Its a silver box, Samsung I think. I have my broadband running out the back of it.

Plus, Freeview doesn't cost a tenner a month. I only have it to record The Bill, Top Gear, Time Team, and any police documentaries.


----------



## cwaring (Feb 12, 2002)

Parrot of Doom said:


> This wasn't an issue before as I had it set up to send 001 for BBC1, 002 for BBC2 etc. Now its 101 and 102 - and it often doesn't catch that first '1' from the Tivo.


That doesn't sound right _at all_. You sure you've not moved from analogue to digital? I am absolutely certain that, for example, BBC1 has never been on Channel 1 (or 001); certainly not on _digital_ cable.



> Plus, Freeview doesn't cost a tenner a month. I only have it to record The Bill, Top Gear, Time Team, and any police documentaries.


Fair enough


----------



## yungee (Dec 29, 2002)

This thread might help you out Mr. Parrot: :up:

http://www.tivocommunity.com/tivo-vb/showthread.php?t=312888

(By the way, my Pace 4000 box is a total unreliable POS in the summer. It really doesn't get on too well when it's hot  )


----------



## Pete77 (Aug 1, 2006)

cwaring said:


> I am absolutely certain that, for example, BBC1 has never been on Channel 1 (or 001); certainly not on _digital_ cable.
> 
> Fair enough


Actually a relative has had NTL Cable digital for several years.

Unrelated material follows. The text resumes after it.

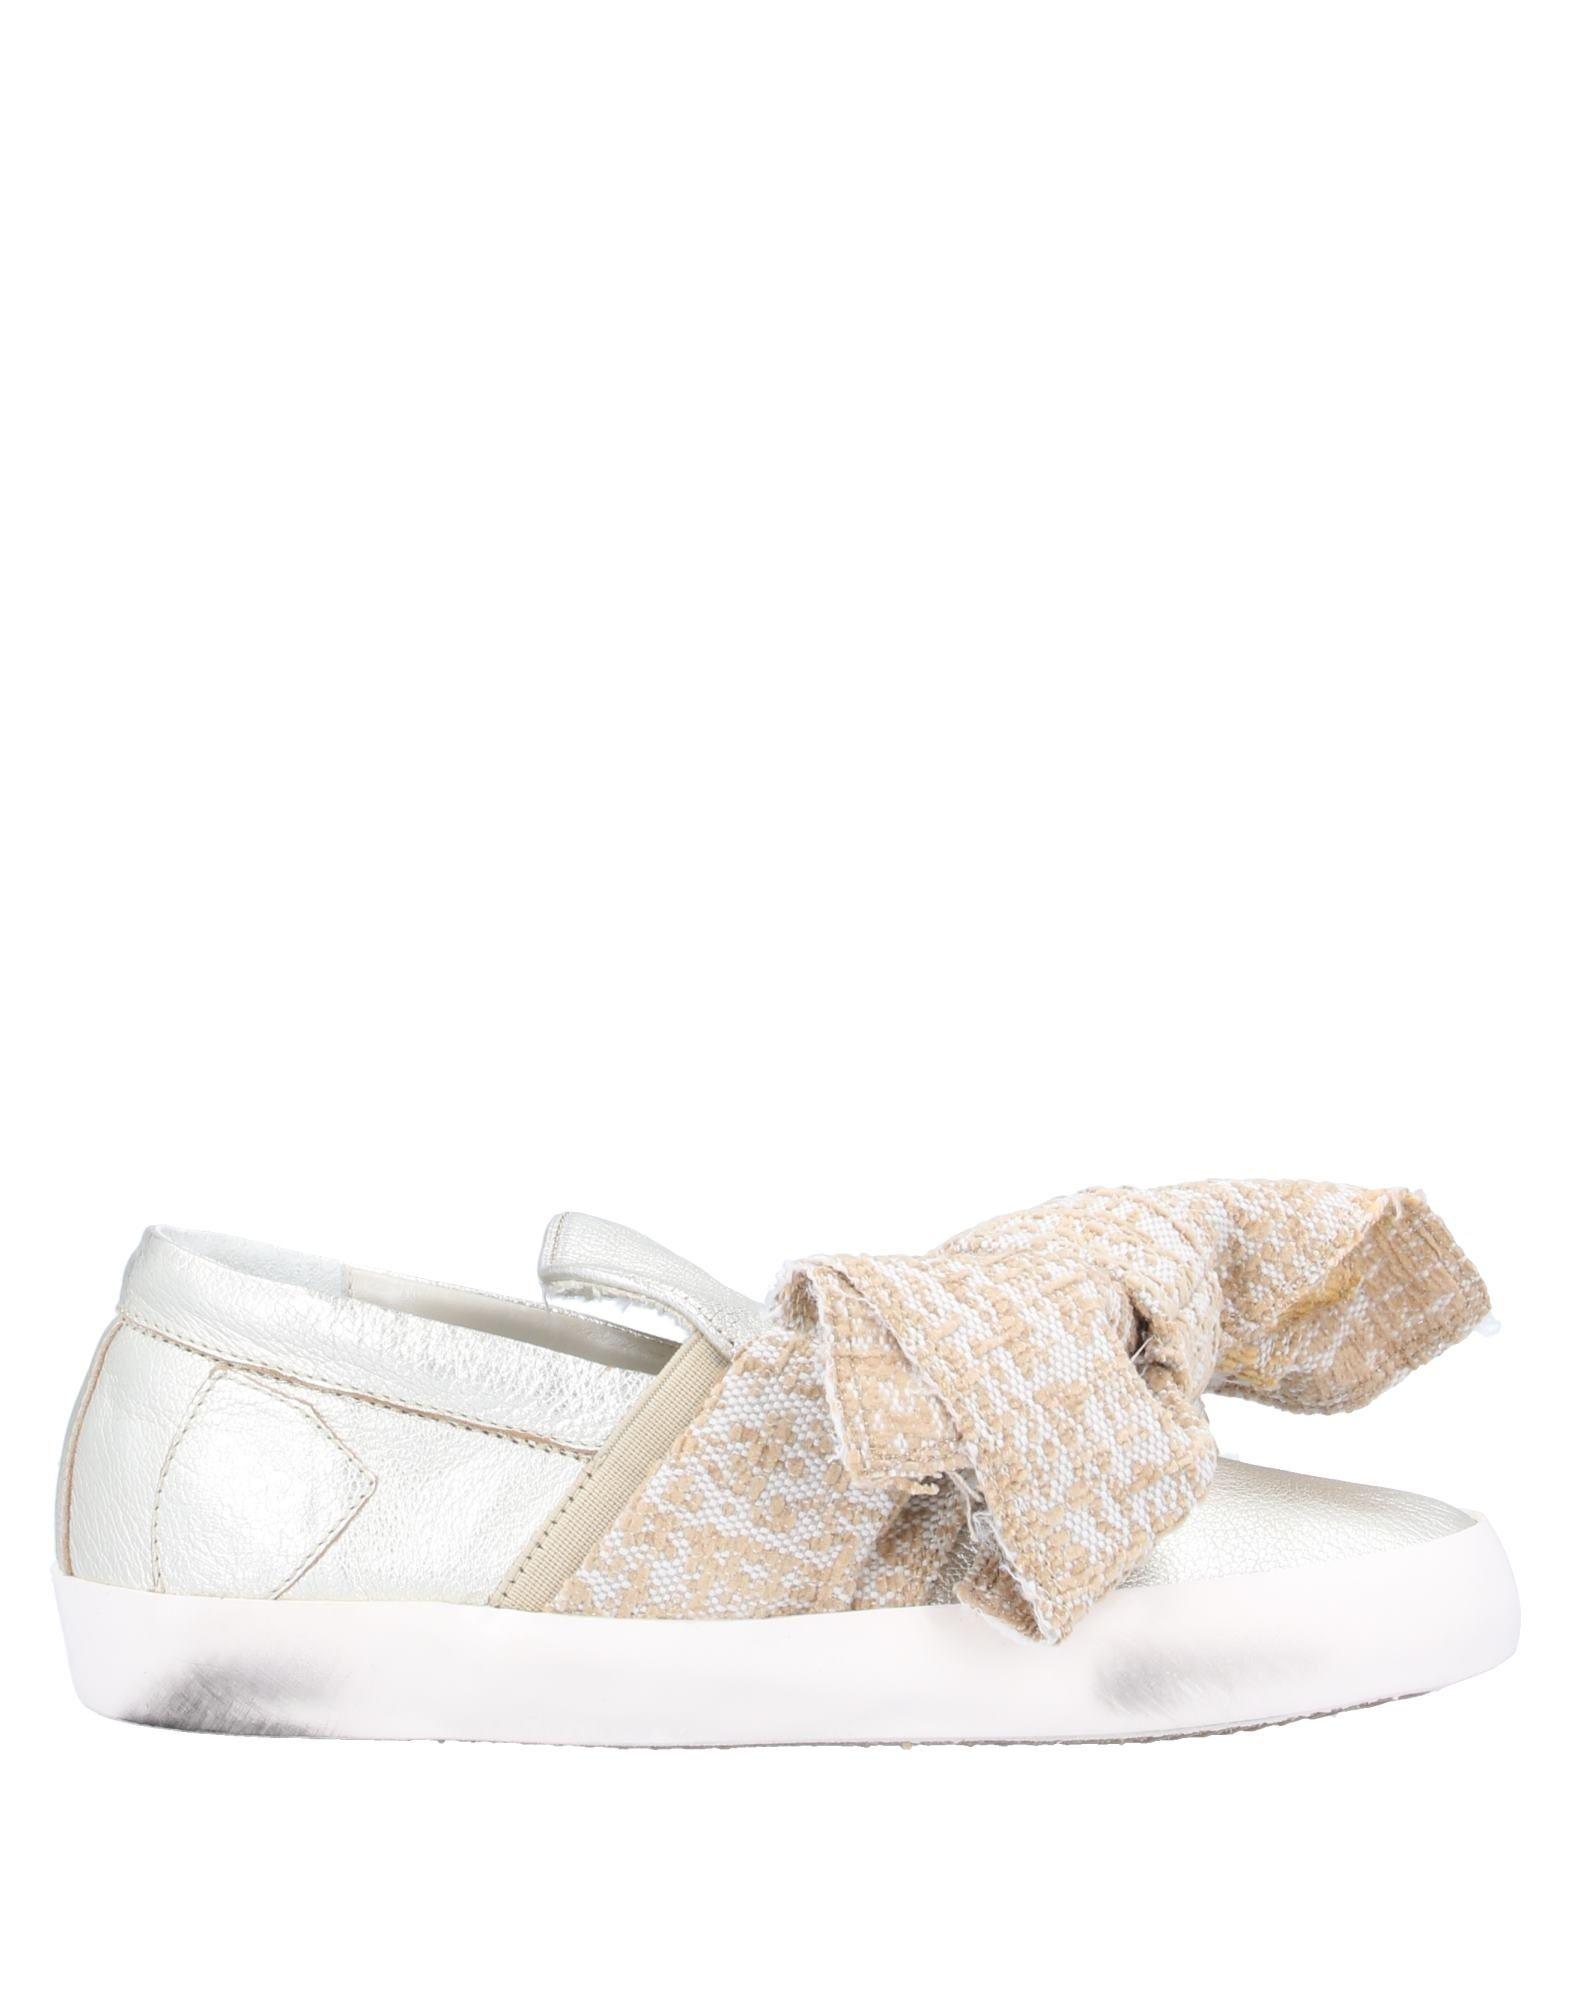 Фото - PHILIPPE MODEL Низкие кеды и кроссовки philippe model низкие кеды и кроссовки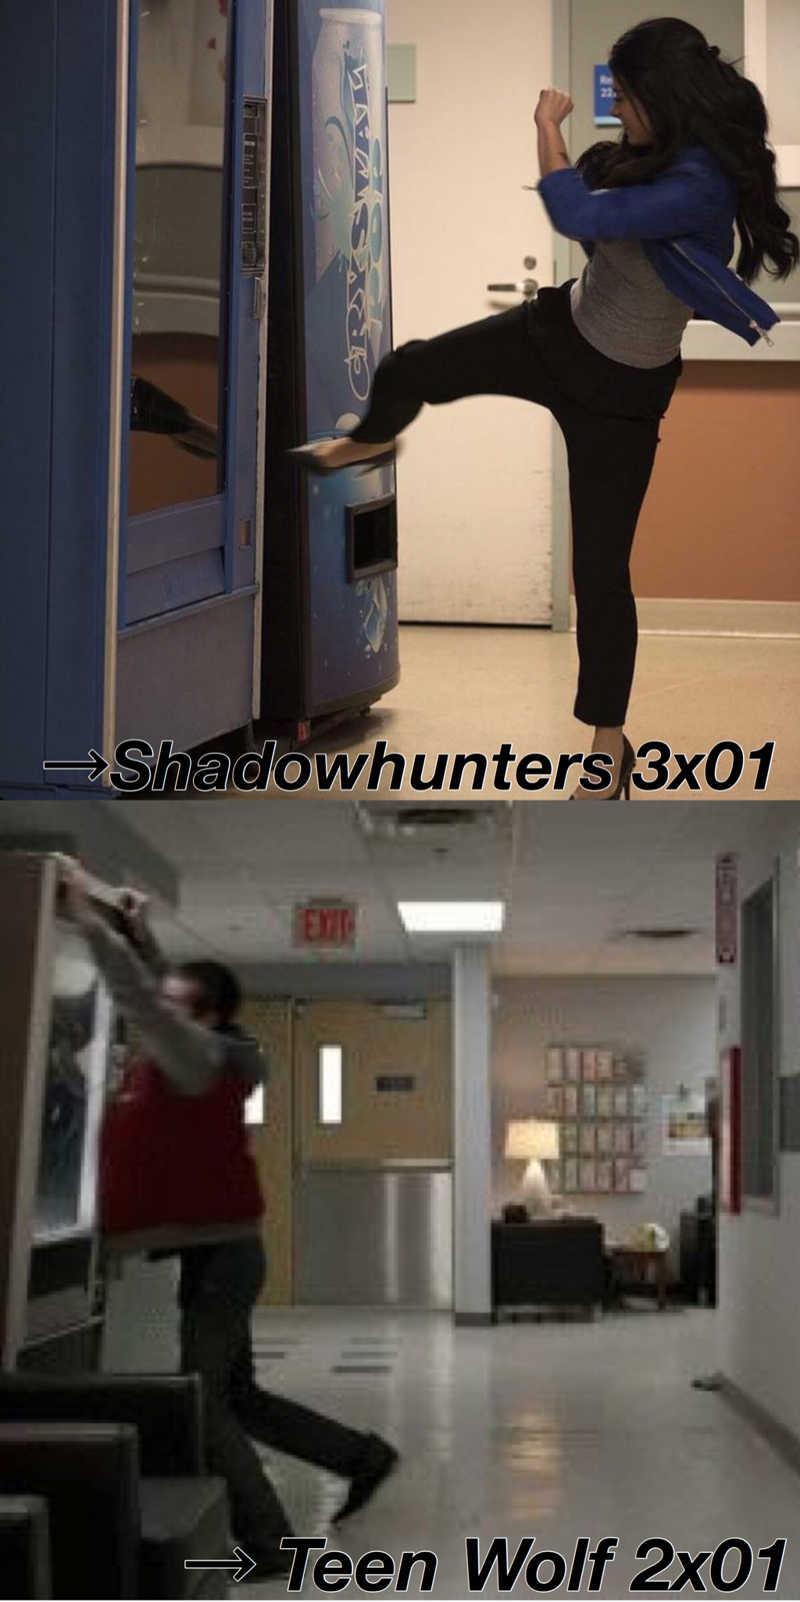 human vs shadowhunter: a vending machines tale

BBC1 has always been on channel 1 on that and BBC 2 on 2 and so on. Eurosport on Channel 43 for instance.

NTL channel numbering was completely different from Telewest numbering before the big merging together started. NTL also used different channel numbers on different platforms supporting different parts of the country.

Coming back to the cheap, simple and reliable Freeview box issue the Wharfedale 832BN box being sold by Argos was highly commended but they are currently no longer listed on their website. There may be some left at their high street branches.


----------



## Parrot of Doom (Nov 23, 2004)

Yep, for years it was single and double digits for all the common channels. It worked great, never had any problems.

Then they changed it to 101, 102, etc, and everything went to pot. Worlds died. Civilisations failed. The milk went sour. The local butcher ran out of bacon.



I'm very happy with the Tivo but if the freeview STB with recorders are any good, I have a good mind to sell the Tivo and buy one of those. Its completely unmolested, an original Thompson thats been running every day for nearly 10 years now.


----------



## Pete77 (Aug 1, 2006)

> Then they changed it to 101, 102, etc, and everything went to pot. Worlds died. Civilisations failed. The milk went sour. The local butcher ran out of bacon.


Have you played around with having the Enter button sending on or off and perhaps forgoing the leading zero setting being on? Also have you tried all possible options of Fast, Medium and Slow. How about having the wands further out from the NTL box IR window etc or further apart.



> I'm very happy with the Tivo but if the freeview STB with recorders are any good, I have a good mind to sell the Tivo and buy one of those.


No the Freeview recorders are all still rubbish presently and you have to set each recording manually like a video recorder with repeat daily or once a week and so on. The only diffference is not being limited by a 3 hour tape.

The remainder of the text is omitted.